Micro Projects

INSTRUCTIONAL DESIGN TOOLKIT 


Adobe Bridge as tool to catalog metadata of digital assets


Universiry of Maryland

By Carmel Tse/November, 2019
University of Maryland LDT 100/300 Project



Adobe Bridge IPTC metadata
Background

In building learning materials, we often incorporate materials obtained through Open Education Resources, including infographics, photos and other images. Many OERs are under Creative Commons licenses and can be used if copyright is acknowledged and credit given. Most instructional designers use a media assets checklist to keep track of the information.

IPTC metadata

IPTC is the Global Standards Body of the News Media. IPTC has more than 30 data structures for copyright markups, and as instructional designers we only need mostly four essential copyright data plus the description  in addition to the filenames, file and image sizes which are automatically attached.

  • Copyright. This is the attribute that identifies the rightful owner of the materials along with the effective date. e.g. Copyright © 2019, Carmel C. Tse
  • Copyright status. This structure can be complicated and IPTC has left it open, but Adobe is limiting the choice in its apps to Unknown | Copyrighted | Public Domain.
  • Rights Usage Terms: IPTC describes: “This field is for free-text instructions on how the image may be legally used. e.g. ‘Permission is required from (Supplier or Creator) to publish this image’ or ‘Licensed to (Customer) for use in (publication) until (date)’.”
  • Copyright Info URL: This explains details of encoded rights expressions referenced by a link. For example: It can refer to Creative Common’s licensing terms.
  • Description. This is the metadata which is often used as "alt" tag to describe a photo in an HTML file.

  • The best way to attach the information is to tagged them as metadata. i.e. attaching the information right inside the graphics.

    Free tool to edit IPTC metadata

    There are many free and paid tools that allow access to the metadata. I use Adobe Bridge, a cross-platform freeware of the Adobe Creative Cloud (CC) suite.

    Pros

    Bridge stands out amongst the choices as it has a very easy to use Graphical User Interface and the metadata uses are common among all asset files used by other applications in CC.

    Cons

    While Bridge is a great tool to tag each asset, it does not have an interface to list all the assets in a directory.


    Exiftool to list metadata
    The ah-ha moment

    By Carmel Tse/November, 2019
    University of Maryland LDT 100/300 Project

    While Bridge is a great tool to tag each asset, it does not have an interface to list all the assets in a directory.

    To compensate for this, I have written a Unix tool using Exiftool by Phil Harvey of Queen's University in Kingston, Ontario. ExifTool is a platform-independent Perl library plus a command-line application for reading, writing and editing meta information in a wide variety of files.

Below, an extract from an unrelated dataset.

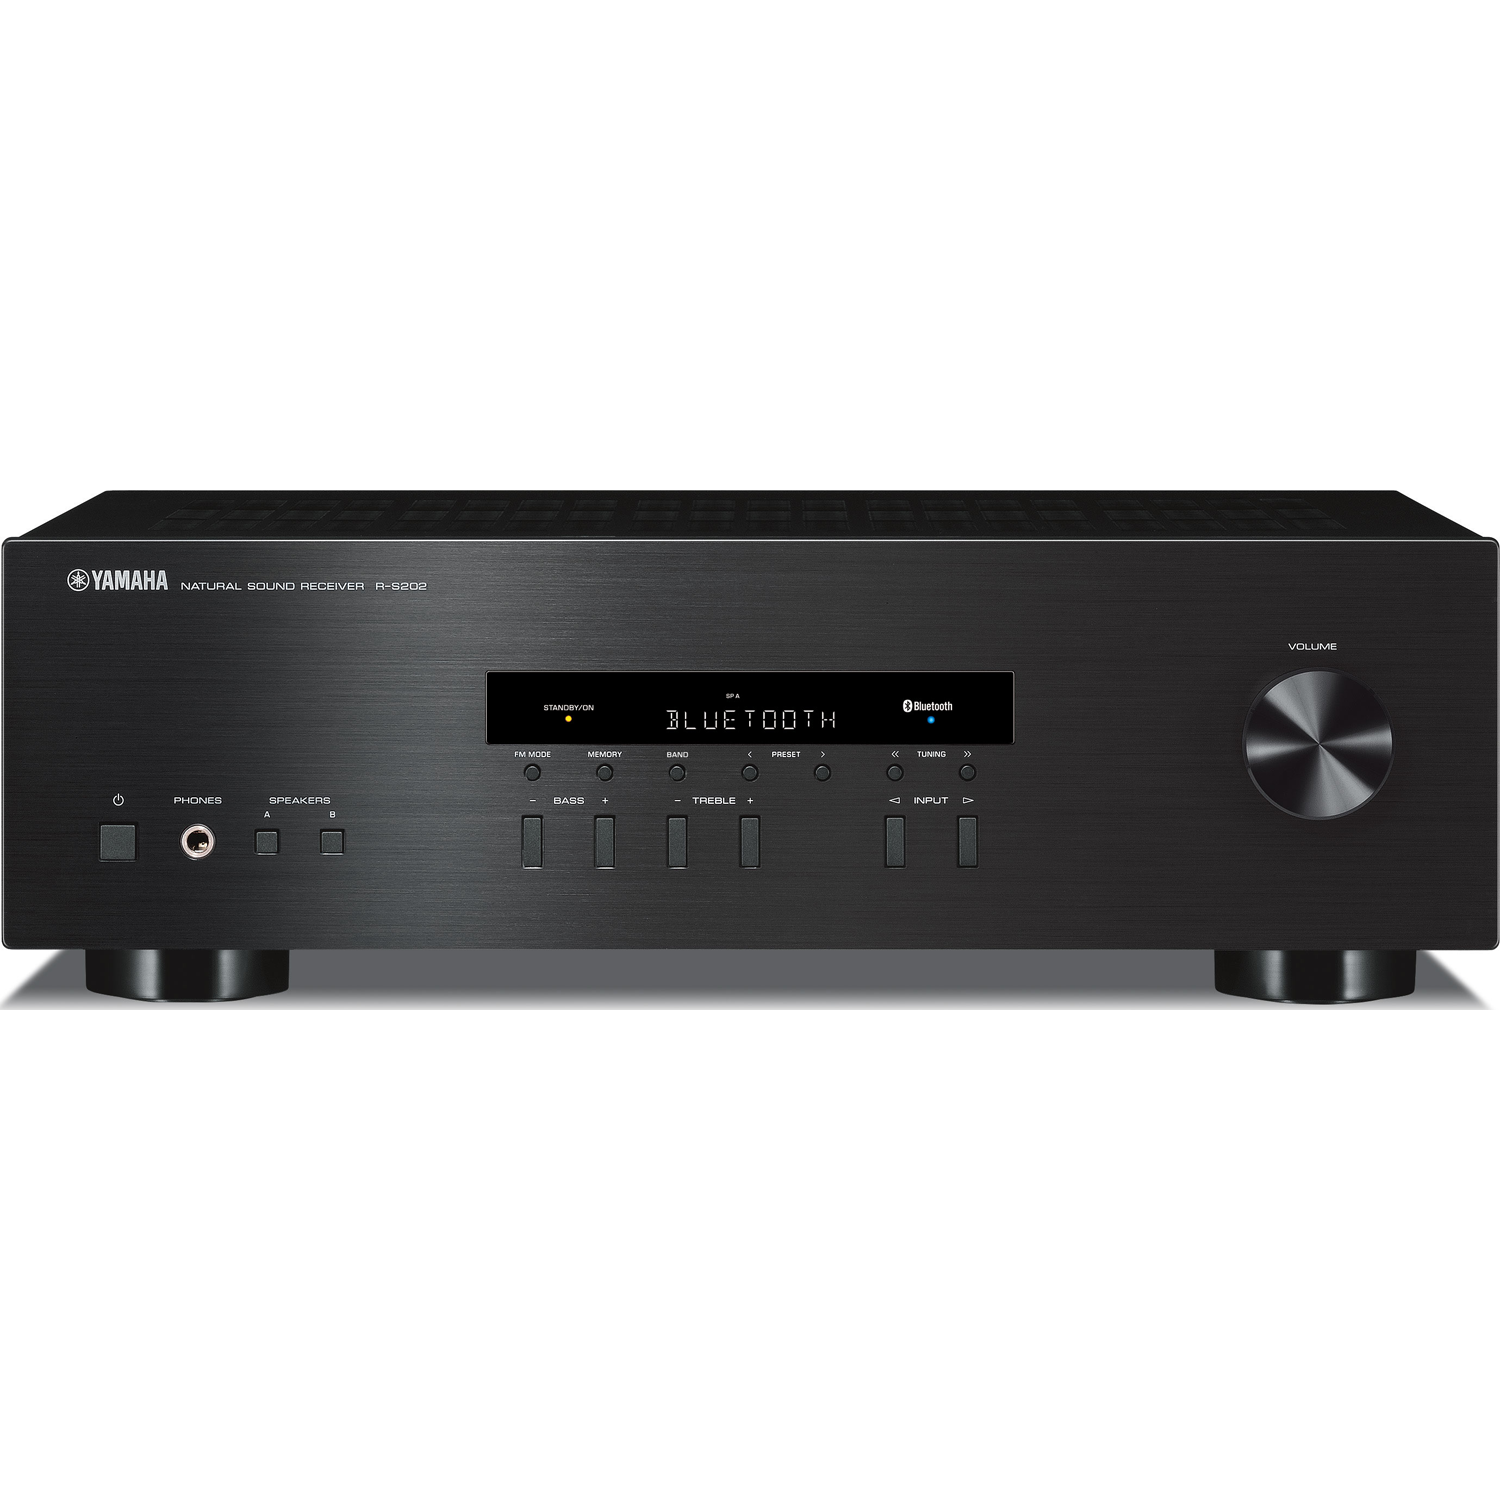 DENON DRA-900H 2.2 Ch. 100W Built-in | Accessories4less 8K with Receiver AV HEOS®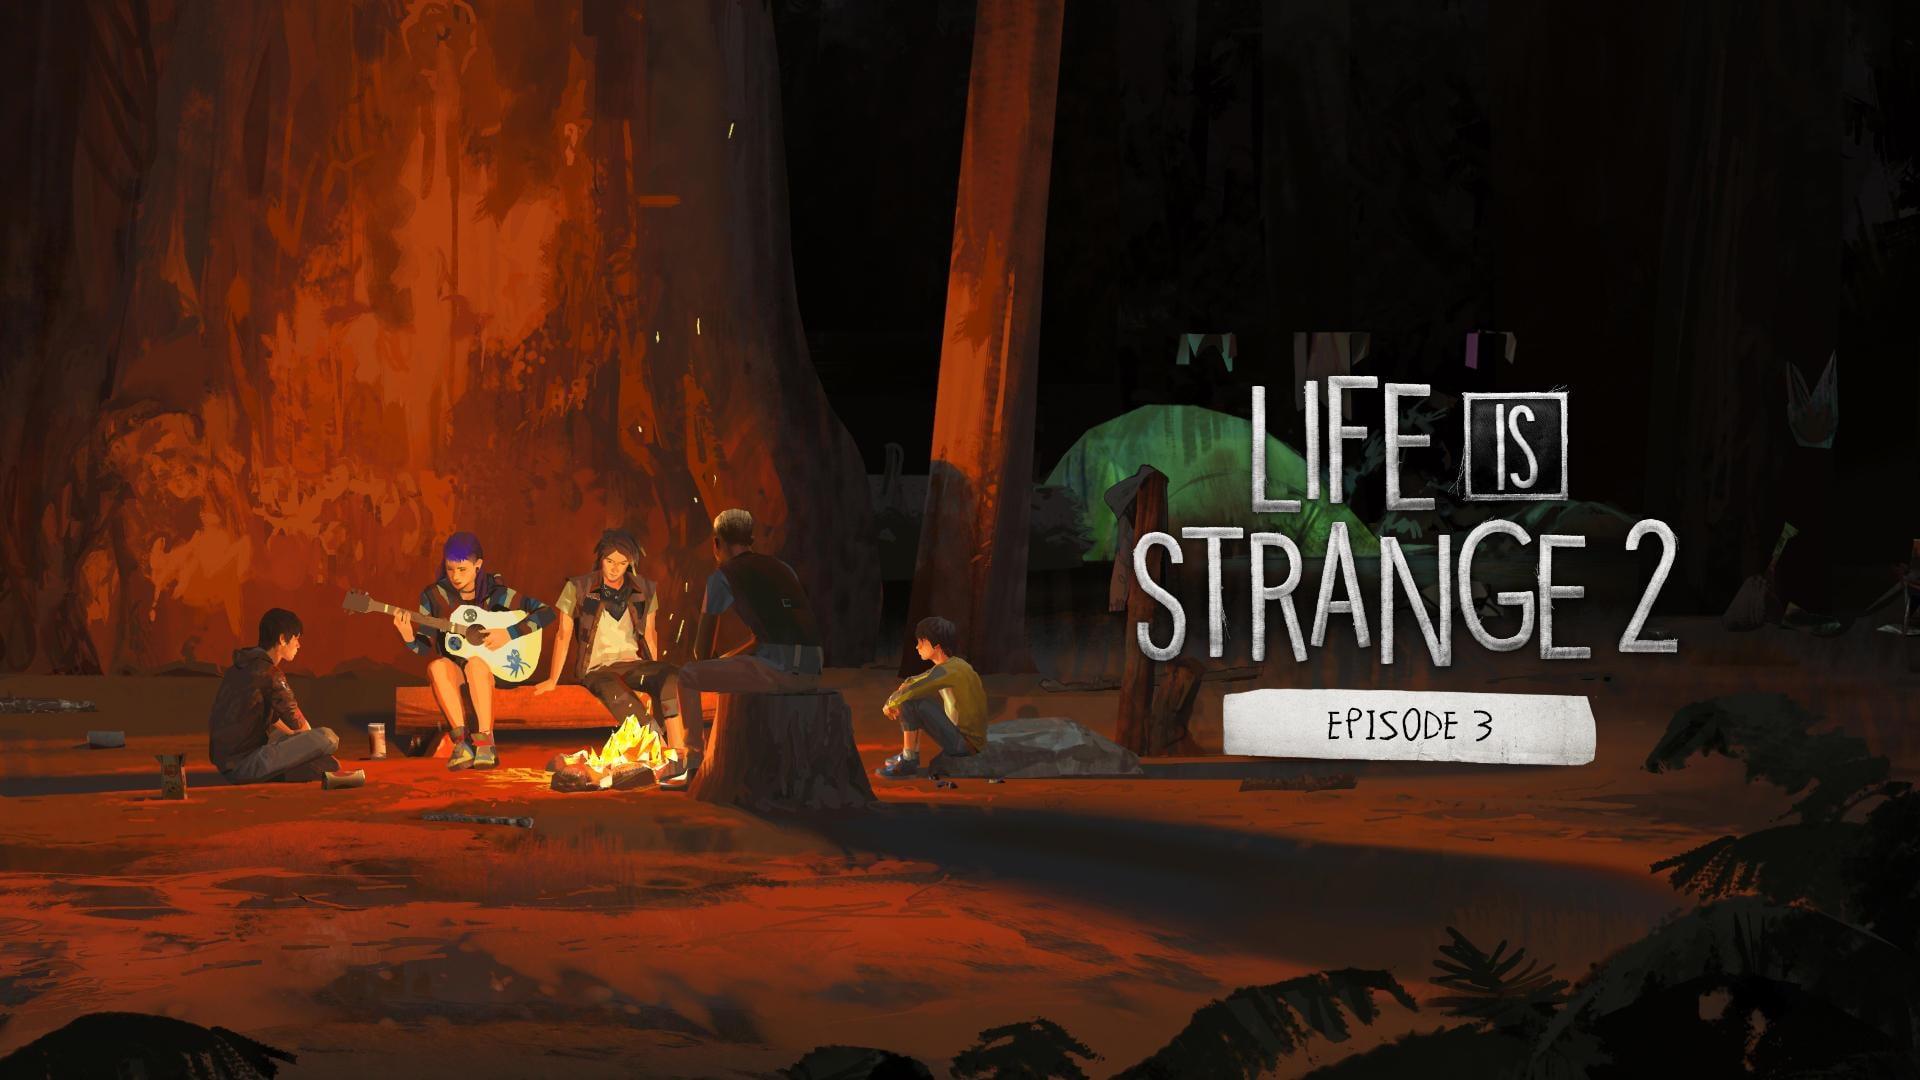 Life is Strange 2 Episode 3 Takes Players Into the Wastelands

    1. Download the Exiftool and follow the installation. The Unix code I used to do the extracting was:

    exiftool -r -common -rights -marked -usageterms -webstatement /dir > exiftool_out.txt

    2. Replace /dir with full path of image repository.

    3. The output is an Exiftool_out.txt file. Seeing all my assets and their metadata in a project listed in a spreadsheet the first time after one command really gave me the "ah-ha" moment.